I was breaking, collapsing in on myself. It ripped through me, tearing everything that stood in its way. In the dust and ruins of all that remained, there was only him and me hidden away from the world that moved around us. I was scraped hollow and raw, and I tried to find the words to say what it meant, what I was feeling, how desperate I was to believe every single thing he’d said.

And when I finally spoke, I spoke from the depths of everything I had left.

I said, “I’m going to love you again, okay? I promise.”

He held me tighter, and his breath was warm in my ear. “I know.”

Eventually we slept.

blood

The end of this life hidden behind a barrier of magic began on a Tuesday in the middle of June.

This is what we saw:

I sat at the front desk at Gordo’s, frowning at the appointment calendar. Chris had taken a few calls while I was at lunch, and he’d screwed something up. He’d apologized, patting me on the shoulder telling me he just knew I could fix it.

I scowled after him as he walked back into the garage, whistling as if he didn’t have a care in the world.

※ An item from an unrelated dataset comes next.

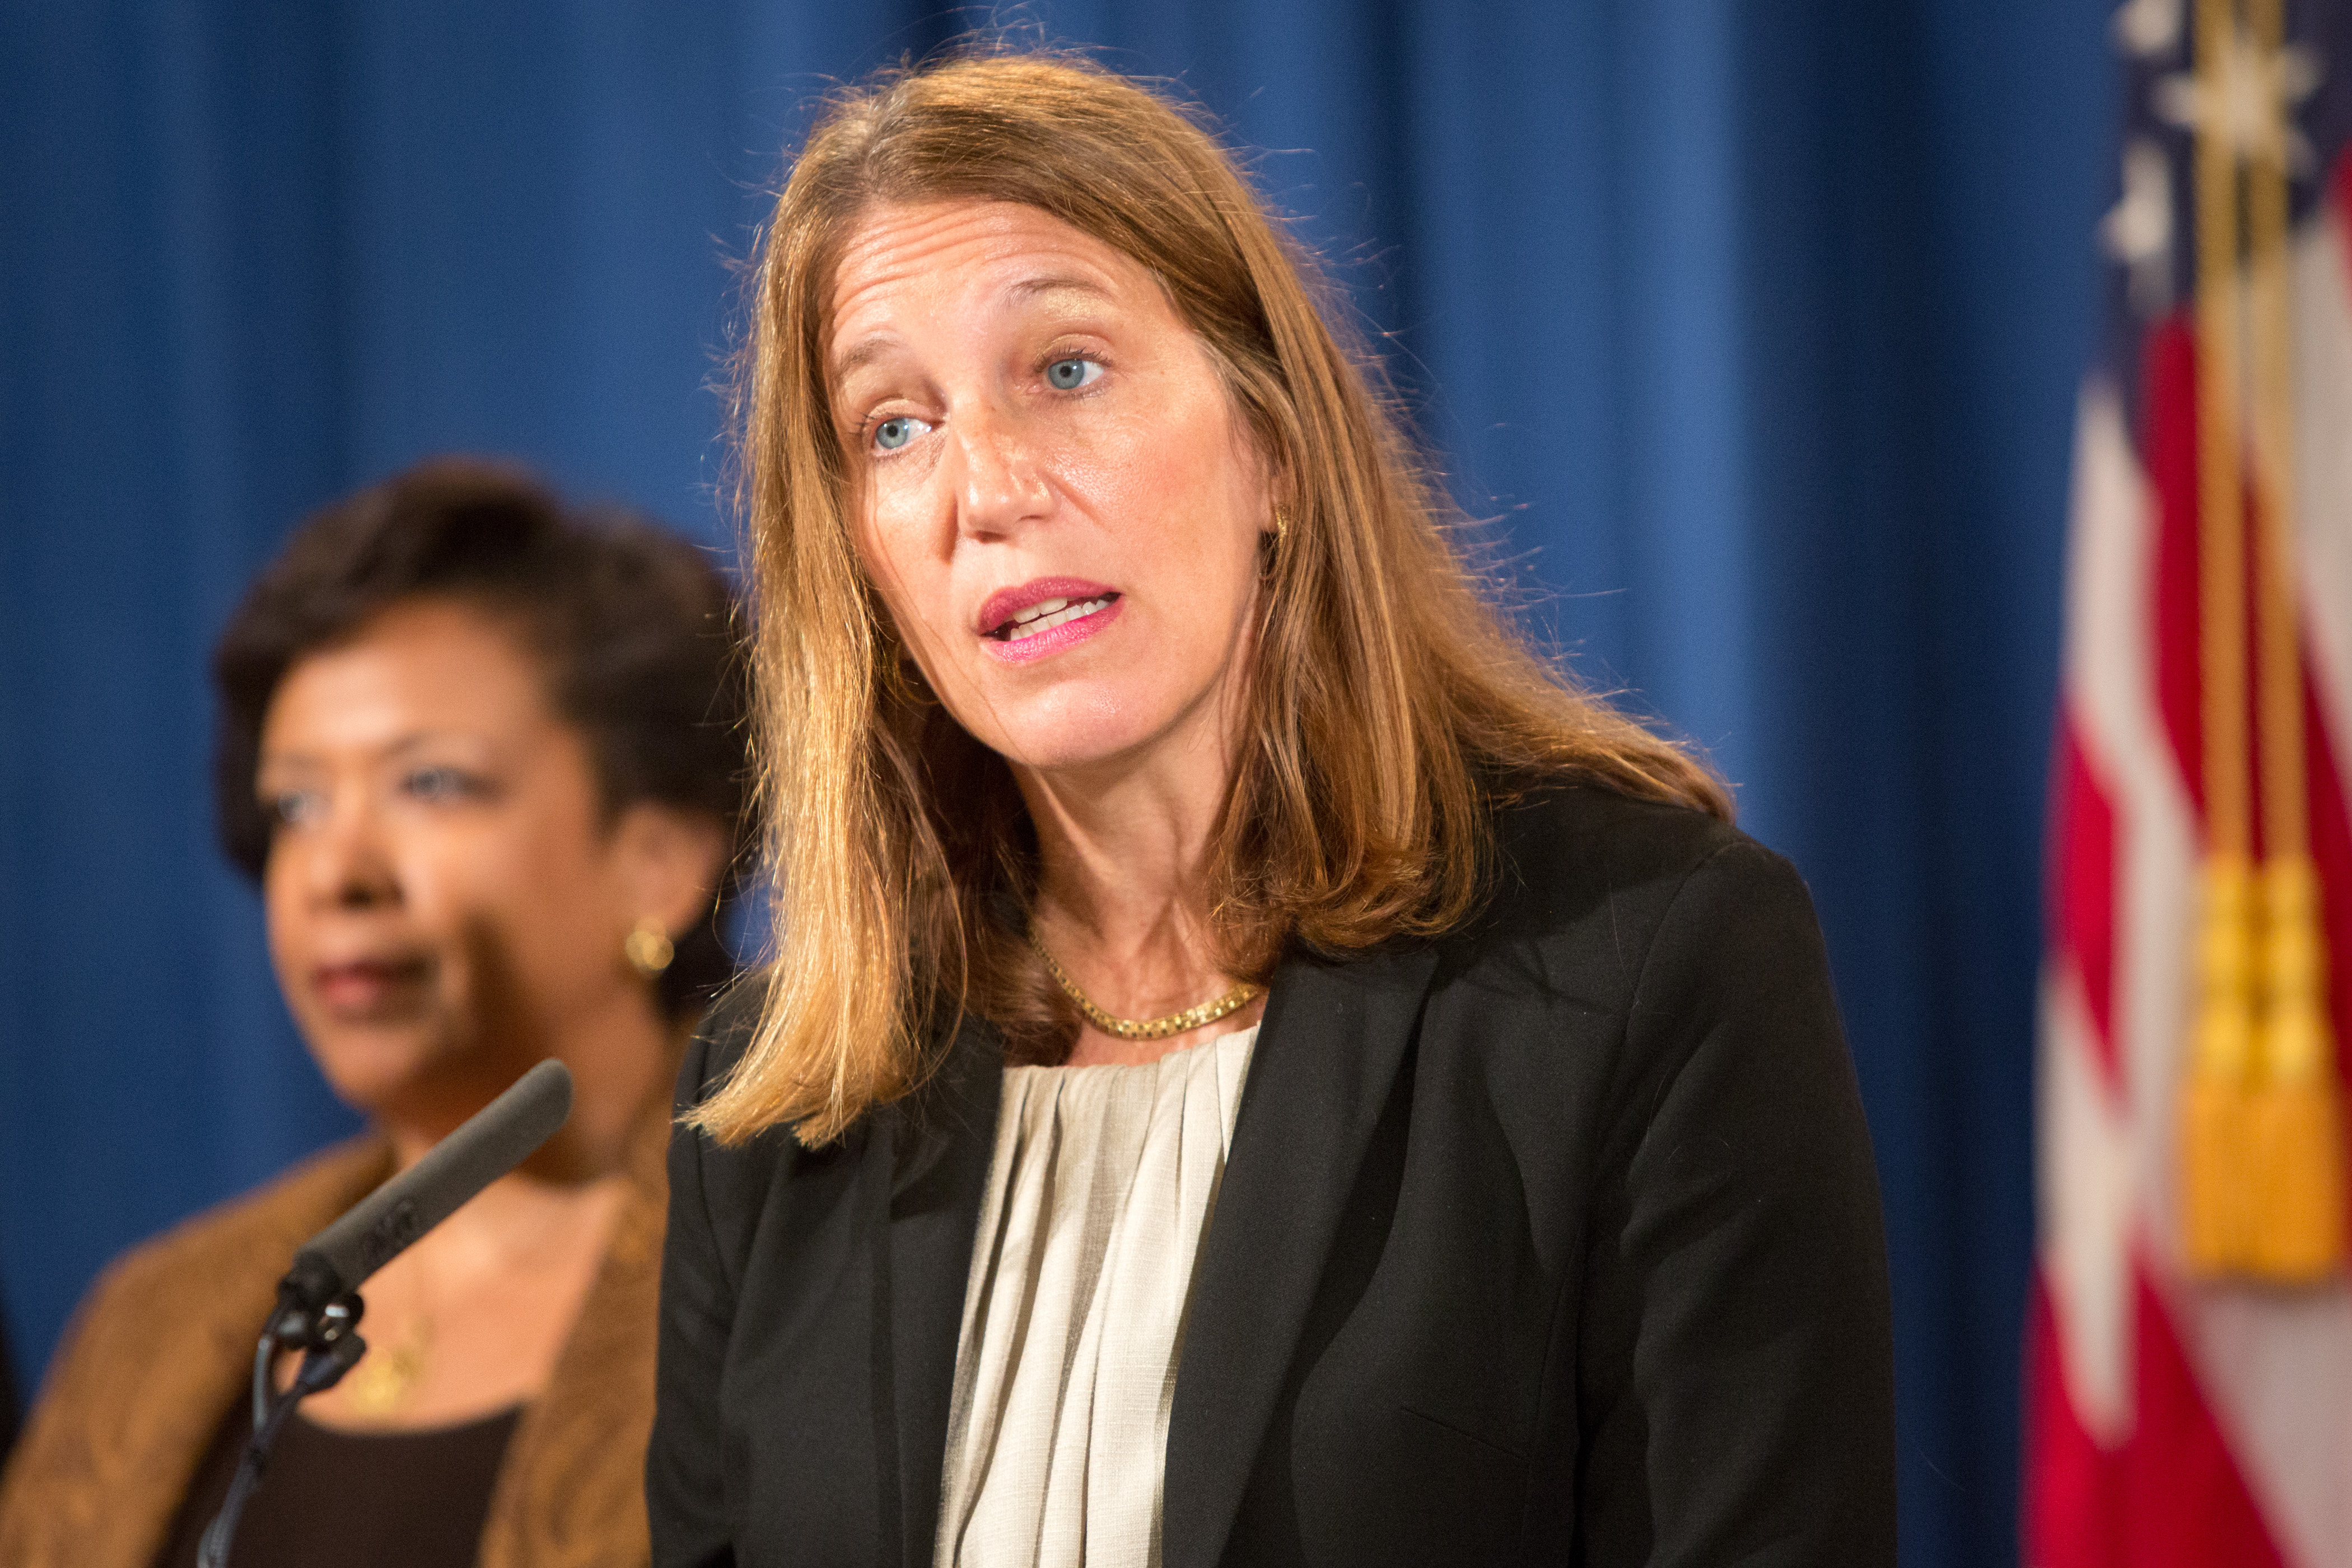 Department of Health and Human Services Secretary Sylvia Mathews Burwell speaks at a press conference on June 22, 2016 in Washington, DC. (Allison Shelley&mdash;Getty Images)

My bad mood didn’t last. Kelly brought me lunch again, and we sat out on the sidewalk in front of the garage, eating and talking about nothing in particular. We hadn’t forgotten everything that was looming around us, but we acted like we had. If I tried hard enough, I could almost convince myself that everything was fine.

The sun was out.

The air was warm.

There wasn’t a cloud in the sky. If I looked hard enough, I could see the faint sliver of the moon suspended above us. We sat close, his shoulder pressed against mine.

He said, “I don’t want you to sleep in the basement anymore. You don’t need to. You have a room, Robbie. You need to use it.”

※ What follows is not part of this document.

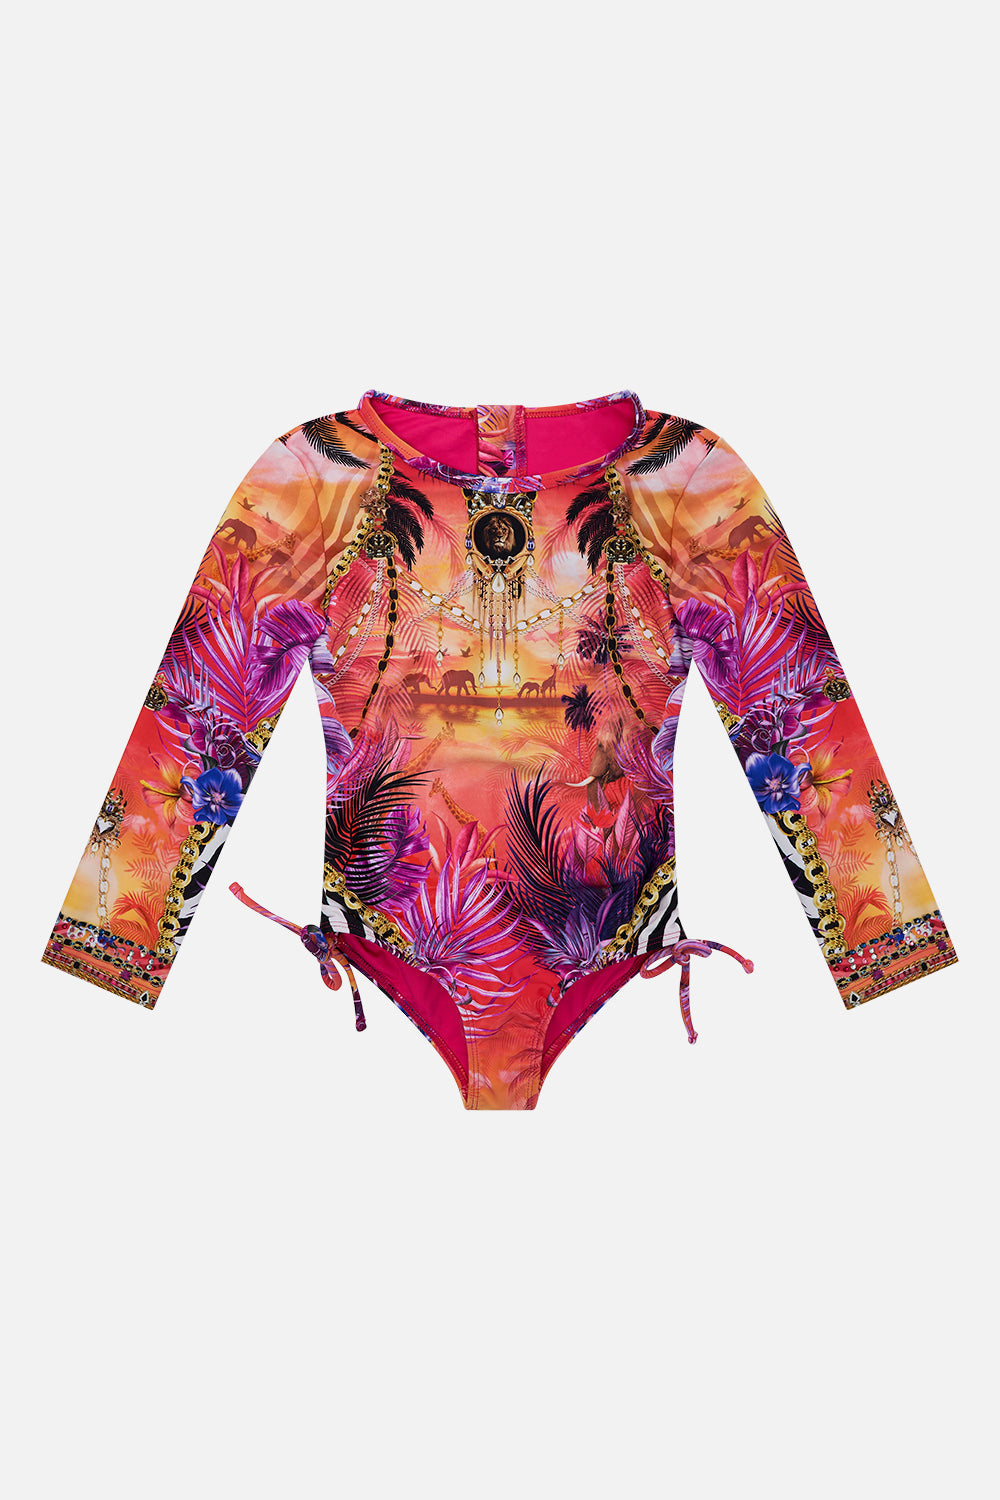 Product View of MILLA By CAMILLA kids paddlesuit in Wild Loving print

“I know. Ox said the same thing yesterday.”

“You should probably listen to him. He usually knows what he’s talking about.”

“Usually?”

Kelly rolled his eyes. “He’s an Alpha. You know how they are.”

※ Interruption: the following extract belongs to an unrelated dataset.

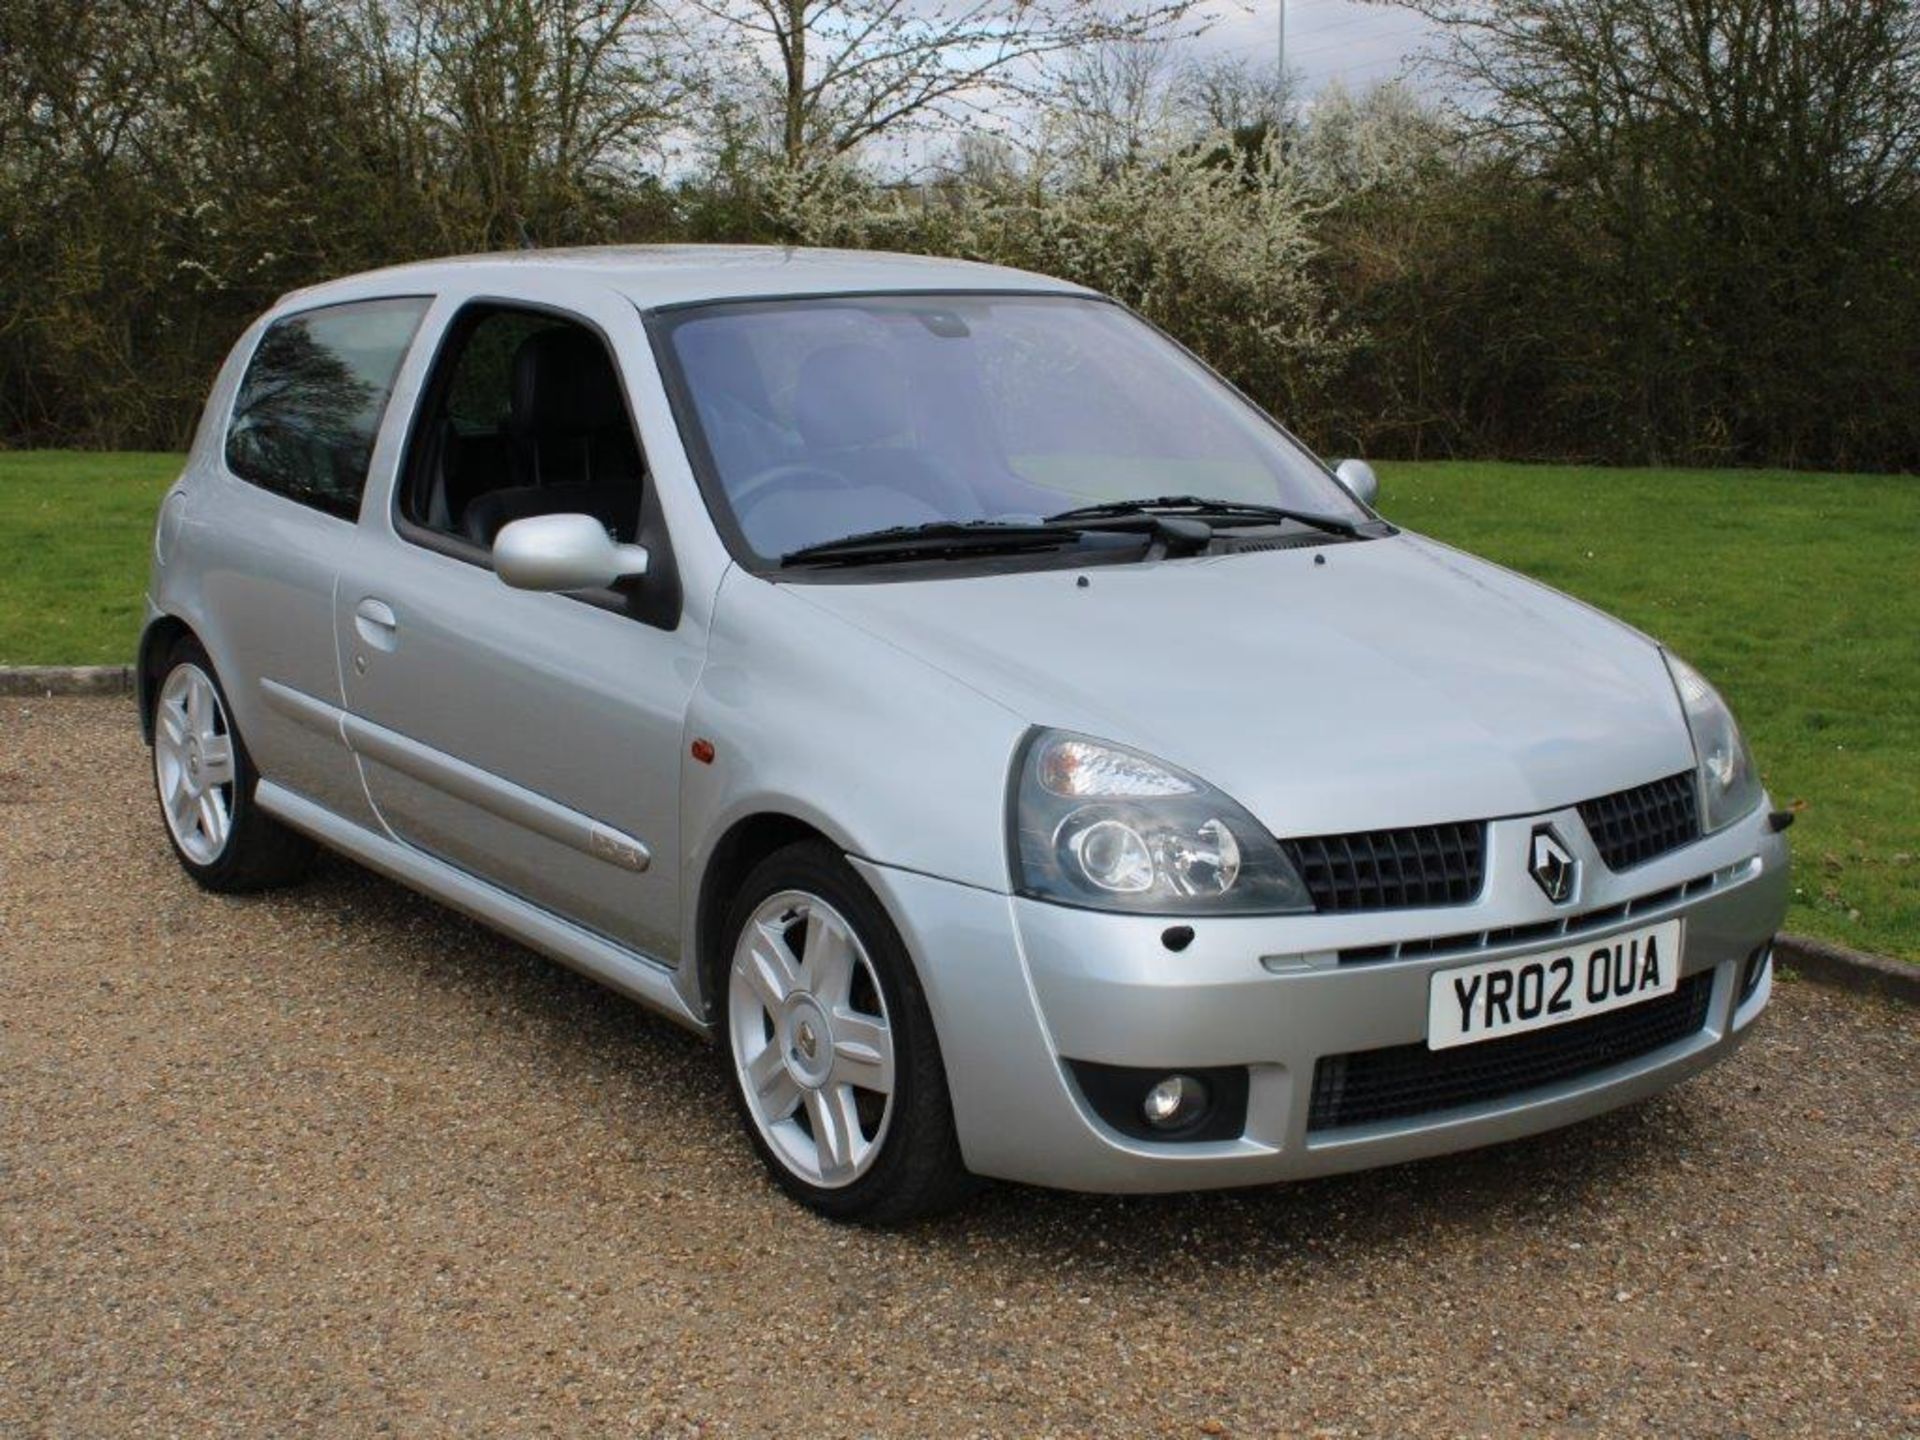 2002 Renault Clio 2.0 Sport 172 15,050 miles from new

“I can hear you!” Ox shouted from somewhere inside the garage.

“Good!” Kelly yelled back. “I wanted you to!”

And I smiled at him because I could. I felt settled in my skin, and things weren’t perfect, but we could pretend. We could pretend we were just two guys getting to know each other without worrying about everything that lay ahead.

It all came tumbling down an hour after Kelly left to head back out on patrol.

It started with Gordo.

He was saying, “Tanner, give Mrs. Warren a call. Tell her that we have to order the parts to—”

Something crashed inside the garage.

I was up before I even thought about it.